Корабль набрал страшно много воды, и мы, как ни старались, не могли её выкачать, но она хоть не прибывала так быстро, уже хорошо. Появилась надежда, что нам удастся продержаться на плаву, пока не будет прочищен насосный колодец. Продлись шторм ещё один день, одному Богу известно, что бы с нами сталось, если бы мы вообще выжили. Вы не можете себе представить, каким беспомощным ощущаешь себя при таком волнении на маленьком судёнышке. Вся экспедиция уже думала только об одном — как бы не дать ему затонуть. Всевышний показал нам, сколь слаб человек в своих дерзаниях, и лучшие из нас, на чью долю впоследствии выпали такие тяжкие испытания, поняли его знак — ведь момент был поистине драматичным.

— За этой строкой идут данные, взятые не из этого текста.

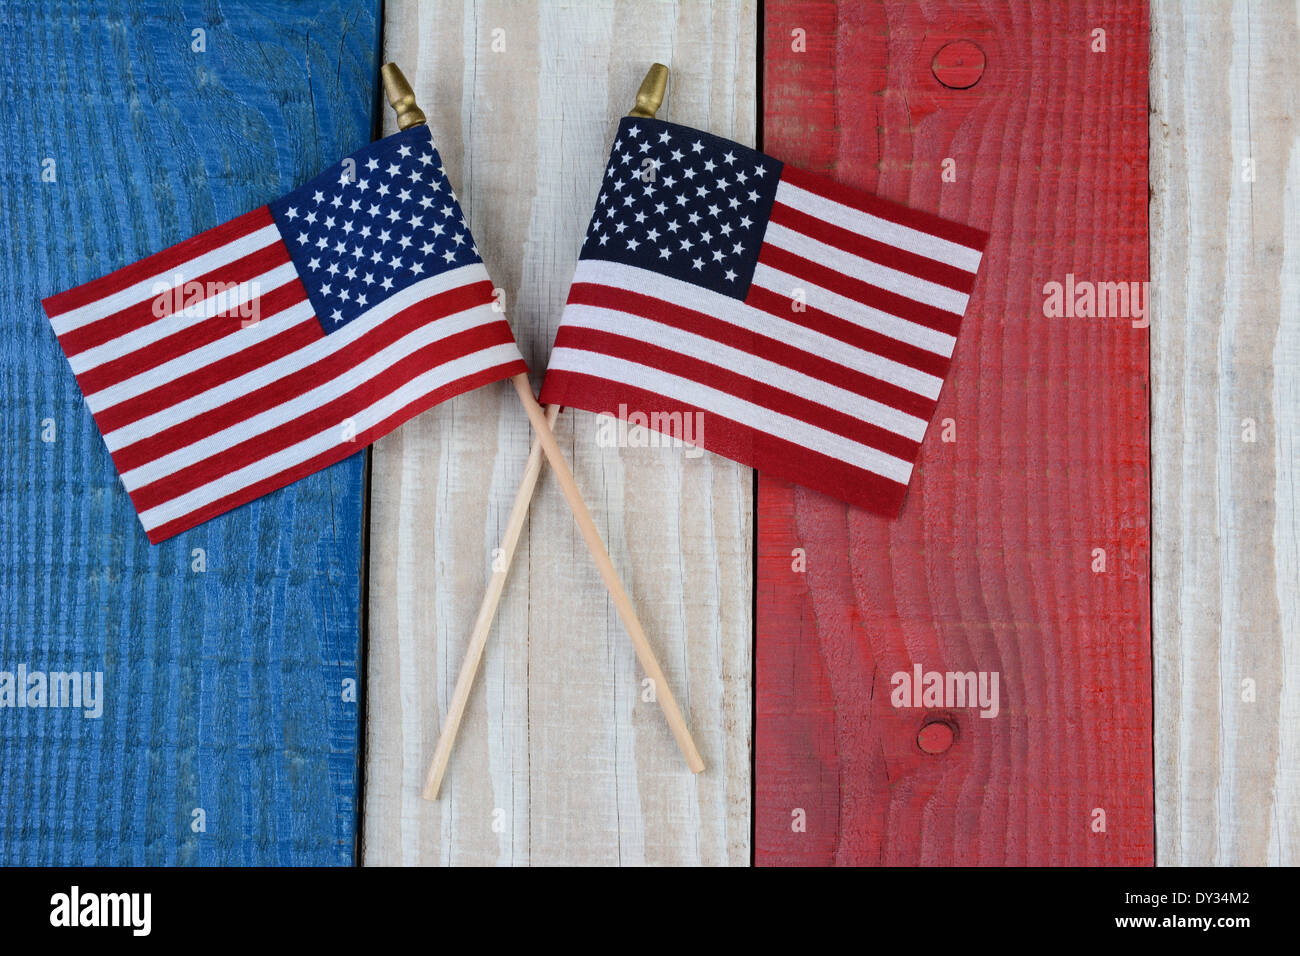 Zwei amerikanische Flaggen auf ein rot-weiß-blau lackierten Holzoberfläche. Perfekt für Fourth Of July oder Memorial Day Projekte. Stockfoto

И тем не менее в 11 часов вечера Эванс и я с плотником умудрились протиснуться в узкую щель, проделанную в переборке, по углю пробраться к водонепроницаемой перегородке, просверлить в ней без особого труда — она деревянная — ещё одну дыру, спуститься с лампами Дэйви в колодец и приступить к работе. Воды было так много, что лишь нырнув удавалось достать рукой всасывающее отверстие. Часа за два мы его временно прочистили, и насосы весело заработали.

В половине пятого утра я снова спустился вниз и повторил всю процедуру. Но только к вечеру следующего дня мы отсосали почти всю воду, а шторм исчерпал свои силы. Помпы работали, а мы всё носили и носили воду вёдрами, пока она не опустилась ниже уровня топок. Теперь можно было их разжигать, что мы и сделали, после чего занялись остальными помпами.

На осушенном судне прочистить всасывающие отверстия было нетрудно. Я же с удовольствием узнал, что лишился только ста галлонов керосина — могло быть и хуже…

Вы, естественно, спросите, откуда появилась вся эта масса воды, если течь в носовой части заделали. Слава Богу, что хоть она нас не беспокоила. Вода поступала преимущественно через палубу, находившуюся под невероятной нагрузкой не только из-за палубного груза, но также из-за обрушивавшихся волн.

Стоило одной доске не выдержать, и пиши пропало, — вот в каком критическом состоянии было судно. Наша жизнь зависела от каждой доски, именно в них, в досках, а не в накопившейся воде, заключалась главная опасность, угрожавшая нашим жизням в случае продолжения шторма. Можно было, конечно, сбросить часть груза за борт — работёнка не из лёгких, — но нам было не оторваться от вёдер…

Я не сомневаюсь, что Скотт расскажет о шторме в самых скромных выражениях. И всё же, поверьте, он относится к числу лучших людей и вёл себя в соответствии с лучшими морскими традициями, хотя не мог не понимать, что перспективы у нас самые мрачные».

51

«Последняя экспедиция Р. Скотта», с. 31.